Have you checked PDF2Json? It is built on top of PDF.js. Though it is not providing the text output as a single line but I believe you may just reconstruct the final text based on the generated Json output:
'Texts': an array of text blocks with position, actual text and styling informations:
'x' and 'y': relative coordinates for positioning
'clr': a color index in color dictionary, same 'clr' field as in 'Fill' object. If a color can be found in color dictionary, 'oc' field will be added to the field as 'original color" value.
'A': text alignment, including:
left
center
right
'R': an array of text run, each text run object has two main fields:
'T': actual text
'S': style index from style dictionary. More info about 'Style Dictionary' can be found at 'Dictionary Reference' section

After some work, I finally got a reliable function for reading text from PDF using https://github.com/mozilla/pdfjs-dist
To get this to work, first npm install on the command line:
npm i pdfjs-dist
Then create a file with this code (I named the file "pdfExport.js" in this example):
const pdfjsLib = require("pdfjs-dist");
async function GetTextFromPDF(path) {
let doc = await pdfjsLib.getDocument(path).promise;
let page1 = await doc.getPage(1);
let content = await page1.getTextContent();
let strings = content.items.map(function(item) {
return item.str;
});
return strings;
}
module.exports = { GetTextFromPDF }
Then it can simply be used in any other js file you have like so:
const pdfExport = require('./pdfExport');
pdfExport.GetTextFromPDF('./sample.pdf').then(data => console.log(data));

Thought I'd chime in here for anyone who came across this question in the future.
I had this problem and spent hours over literally all the PDF libraries on NPM. My requirements were that I needed to run it on AWS Lambda so could not depend on OS dependencies.
The code below is adapted from another stackoverflow answer (which I cannot currently find).
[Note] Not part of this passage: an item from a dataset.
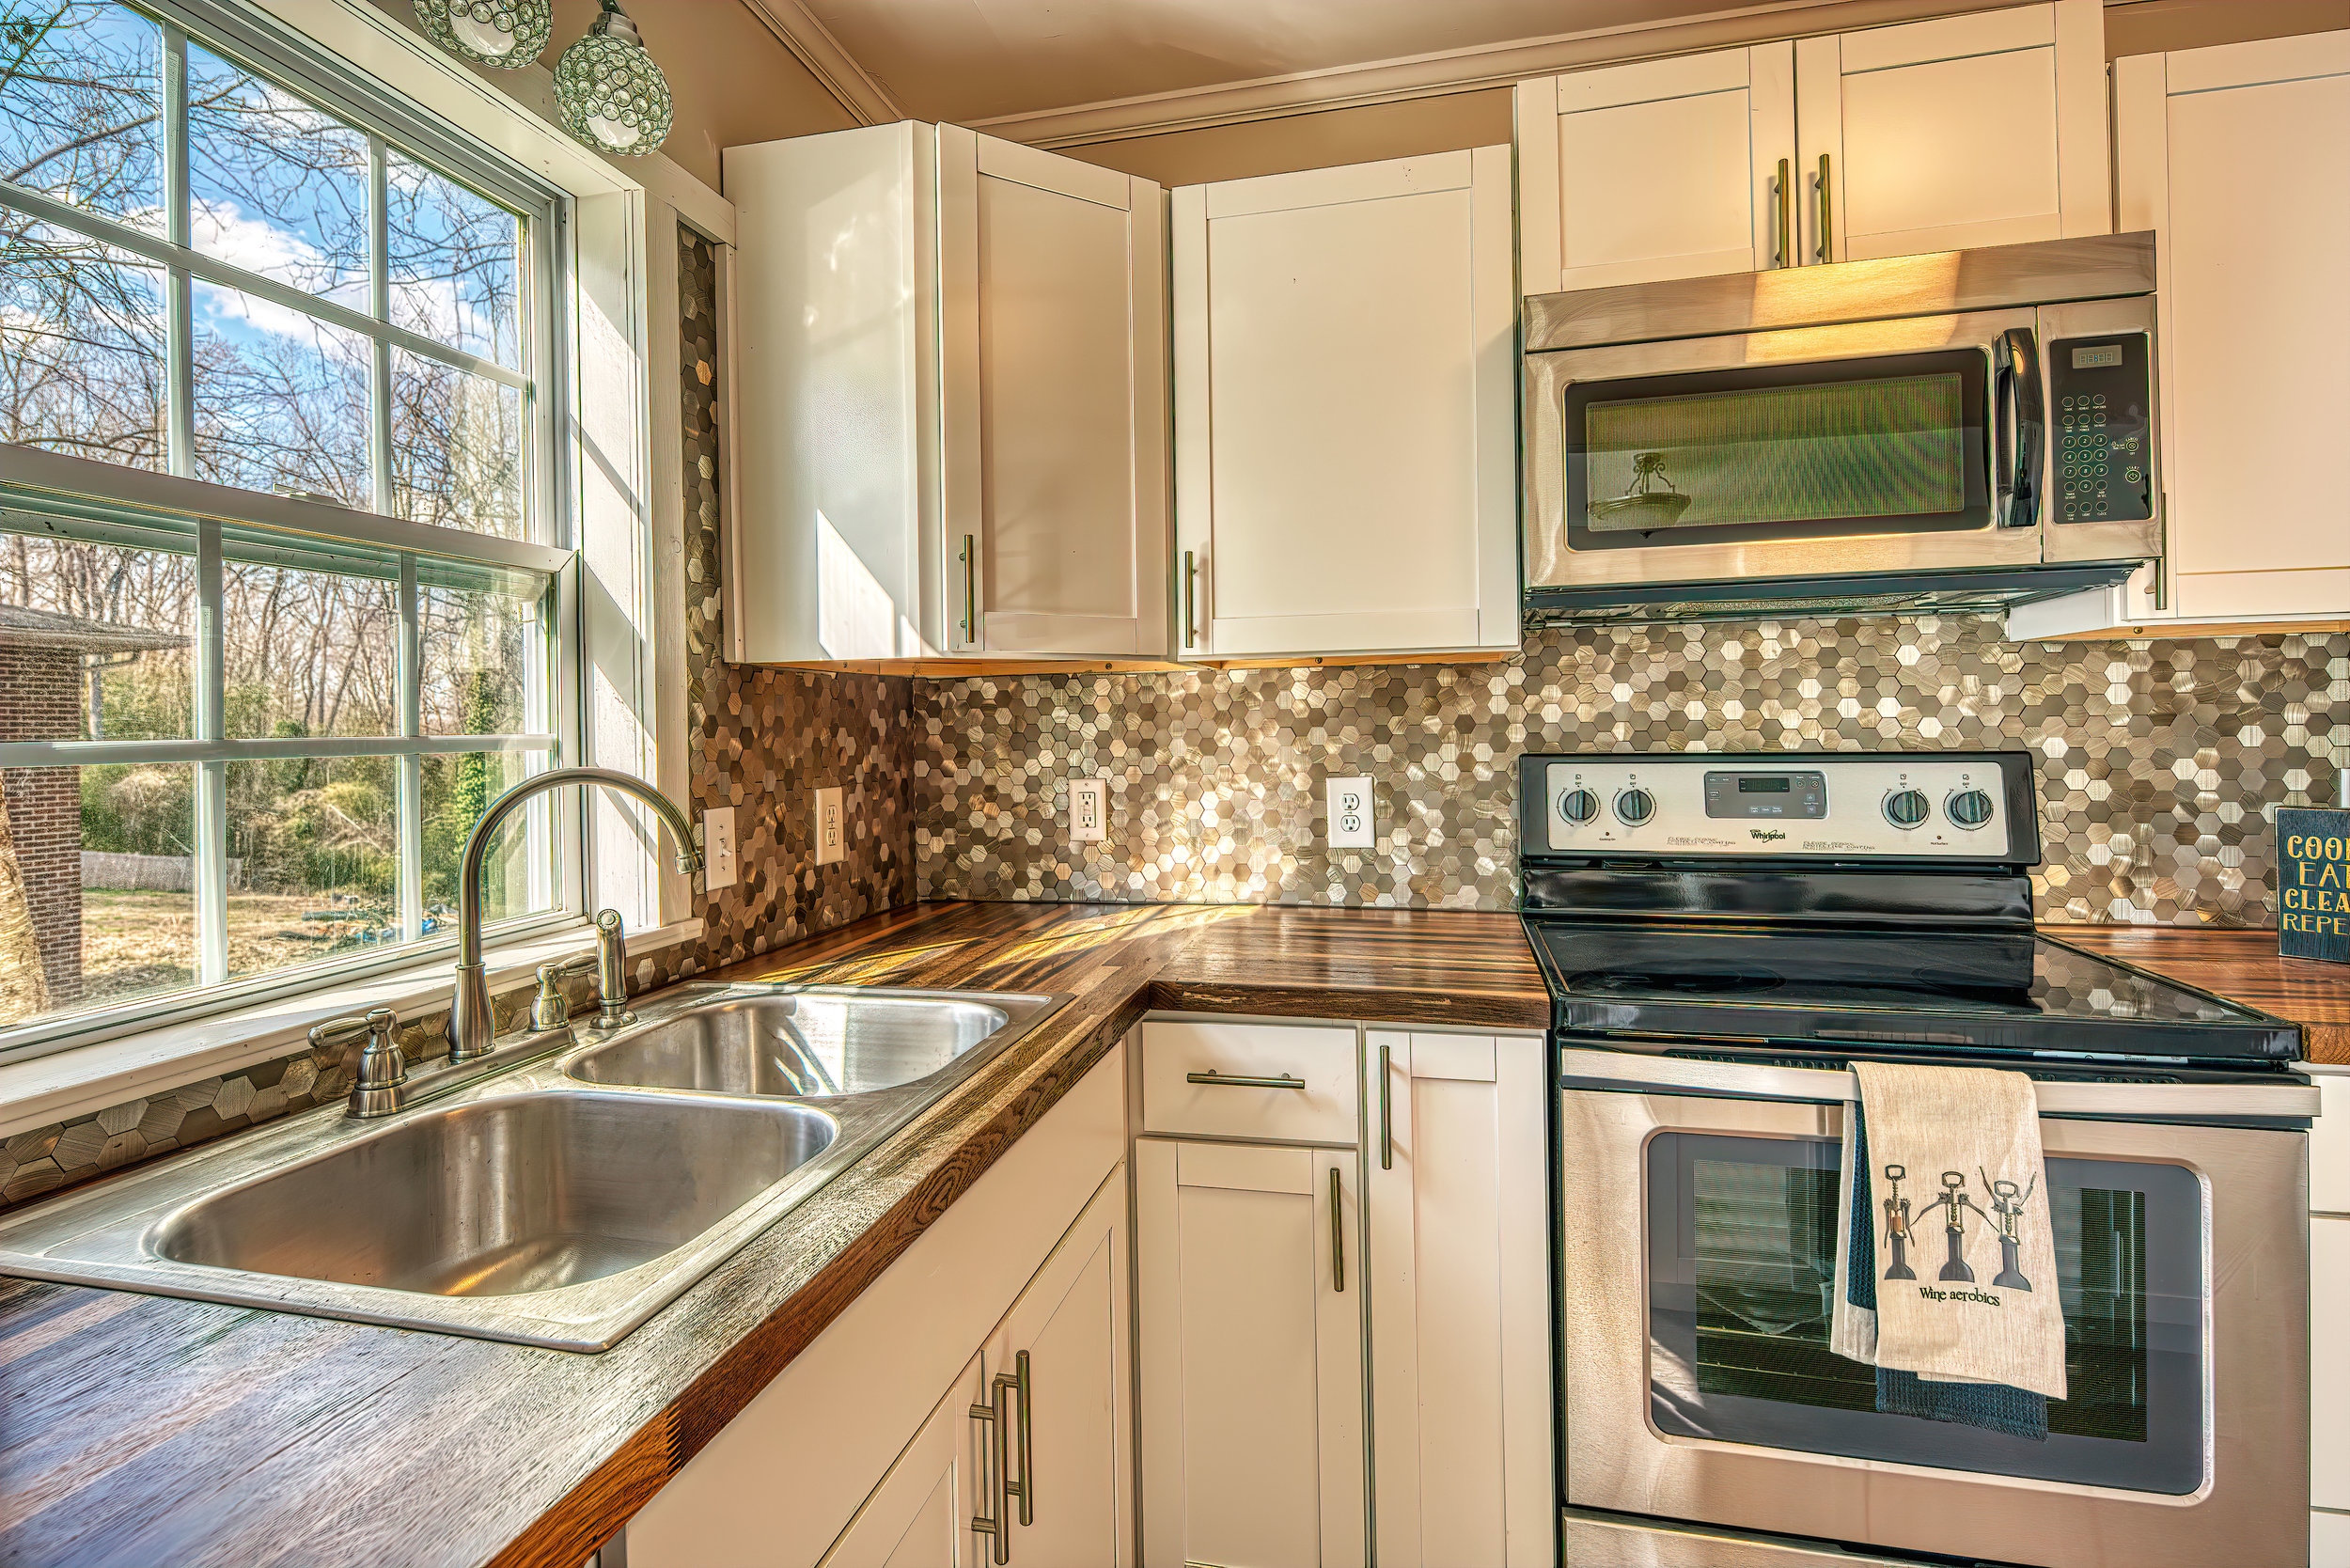 8 Kitchen Counters.jpg
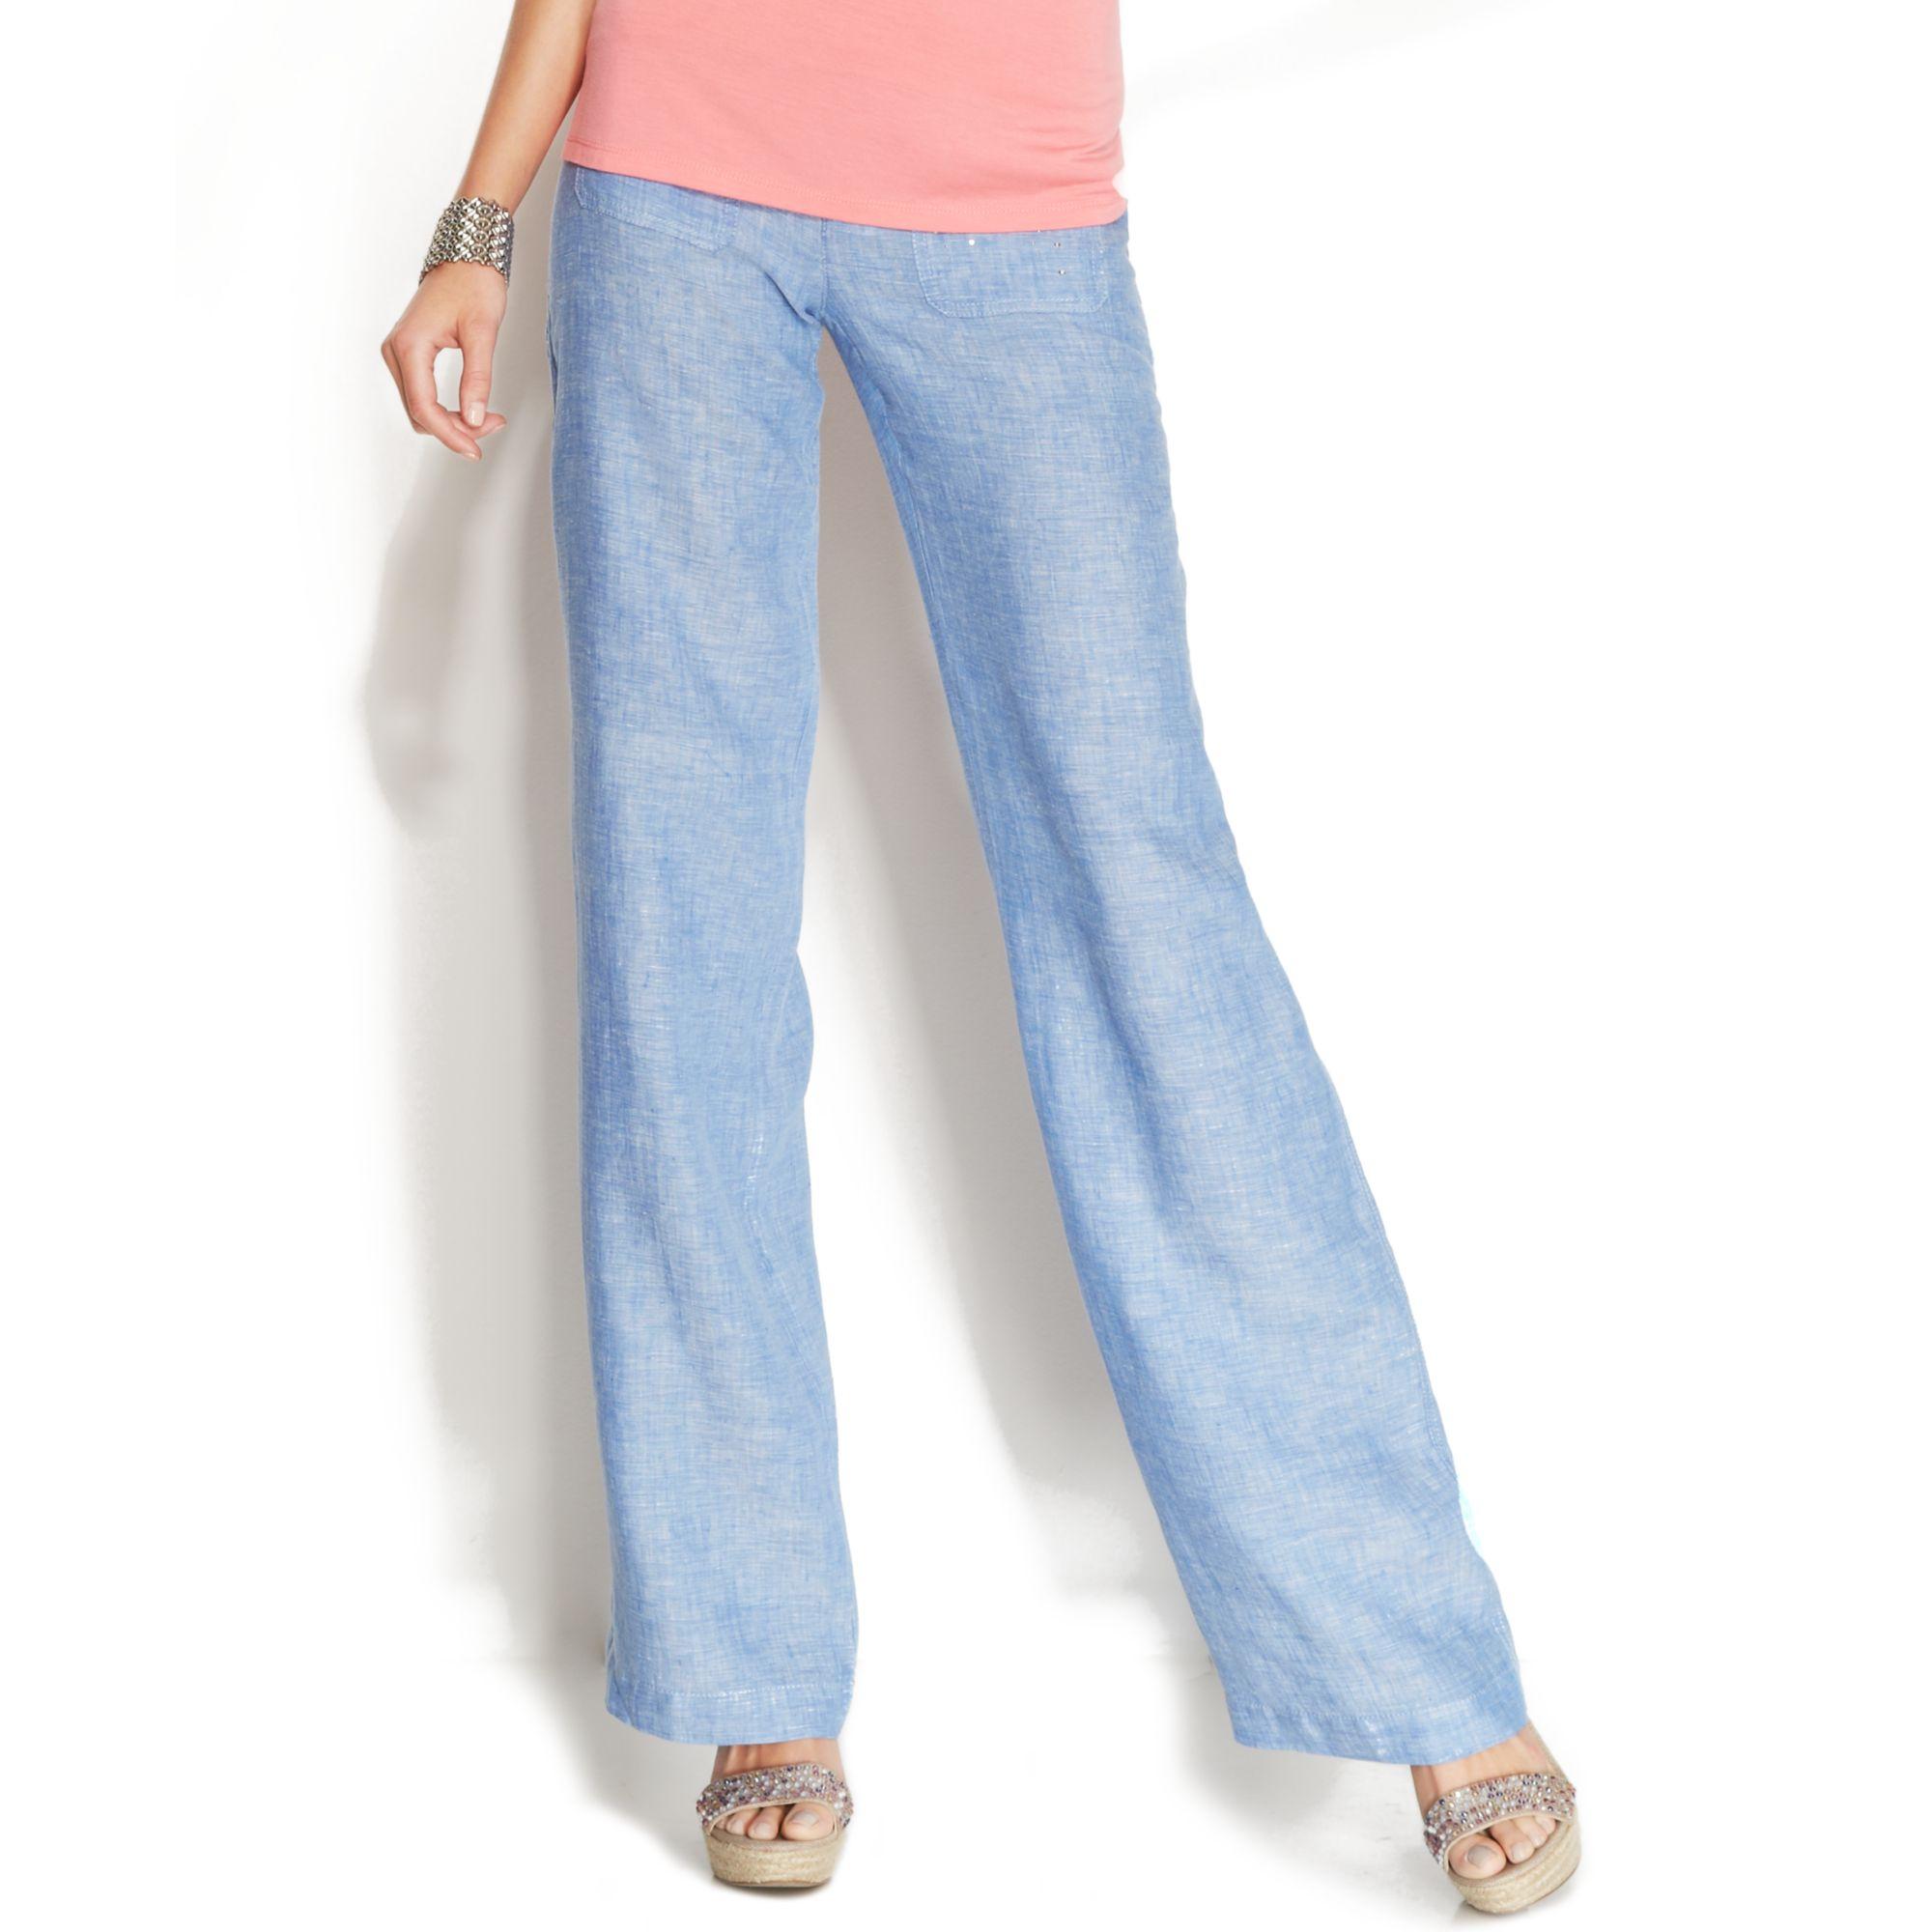 Inc international concepts Petite Embellished Wideleg Linen Pants ...

The only difference being that we import the ES5 version which works with Node >= 12. If you just import pdfjs-dist there will be an error of "Readable Stream is not defined". Hope it helps!
import * as pdfjslib from 'pdfjs-dist/es5/build/pdf.js';
export default class Pdf {
public static async getPageText(pdf: any, pageNo: number) {
const page = await pdf.getPage(pageNo);
const tokenizedText = await page.getTextContent();
const pageText = tokenizedText.items.map((token: any) => token.str).join('');
return pageText;
}
public static async getPDFText(source: any): Promise<string> {
const pdf = await pdfjslib.getDocument(source).promise;
const maxPages = pdf.numPages;
const pageTextPromises = [];
for (let pageNo = 1; pageNo <= maxPages; pageNo += 1) {
pageTextPromises.push(Pdf.getPageText(pdf, pageNo));
}
const pageTexts = await Promise.all(pageTextPromises);
return pageTexts.join(' ');
}
}
Usage
const fileBuffer = fs.readFile('sample.pdf');
const pdfText = await Pdf.getPDFText(fileBuffer);

This solution worked for me using node 14.20.1 using "pdf-parse": "^1.1.1"
You can install it with:
yarn add pdf-parse
This is the main function which converts the PDF file to text.
const path = require('path');
const fs = require('fs');
const pdf = require('pdf-parse');
const assert = require('assert');
const extractText = async (pathStr) => {
assert (fs.existsSync(pathStr), `Path does not exist ${pathStr}`)
const pdfFile = path.resolve(pathStr)
const dataBuffer = fs.readFileSync(pdfFile);
const data = await pdf(dataBuffer)
return data.text
}
module.exports = {
extractText
}
Then you can use the function like this:
const { extractText } = require('../api/lighthouse/lib/pdfExtraction')
extractText('./data/CoreDeveloper-v5.1.4.pdf').then(t => console.log(t))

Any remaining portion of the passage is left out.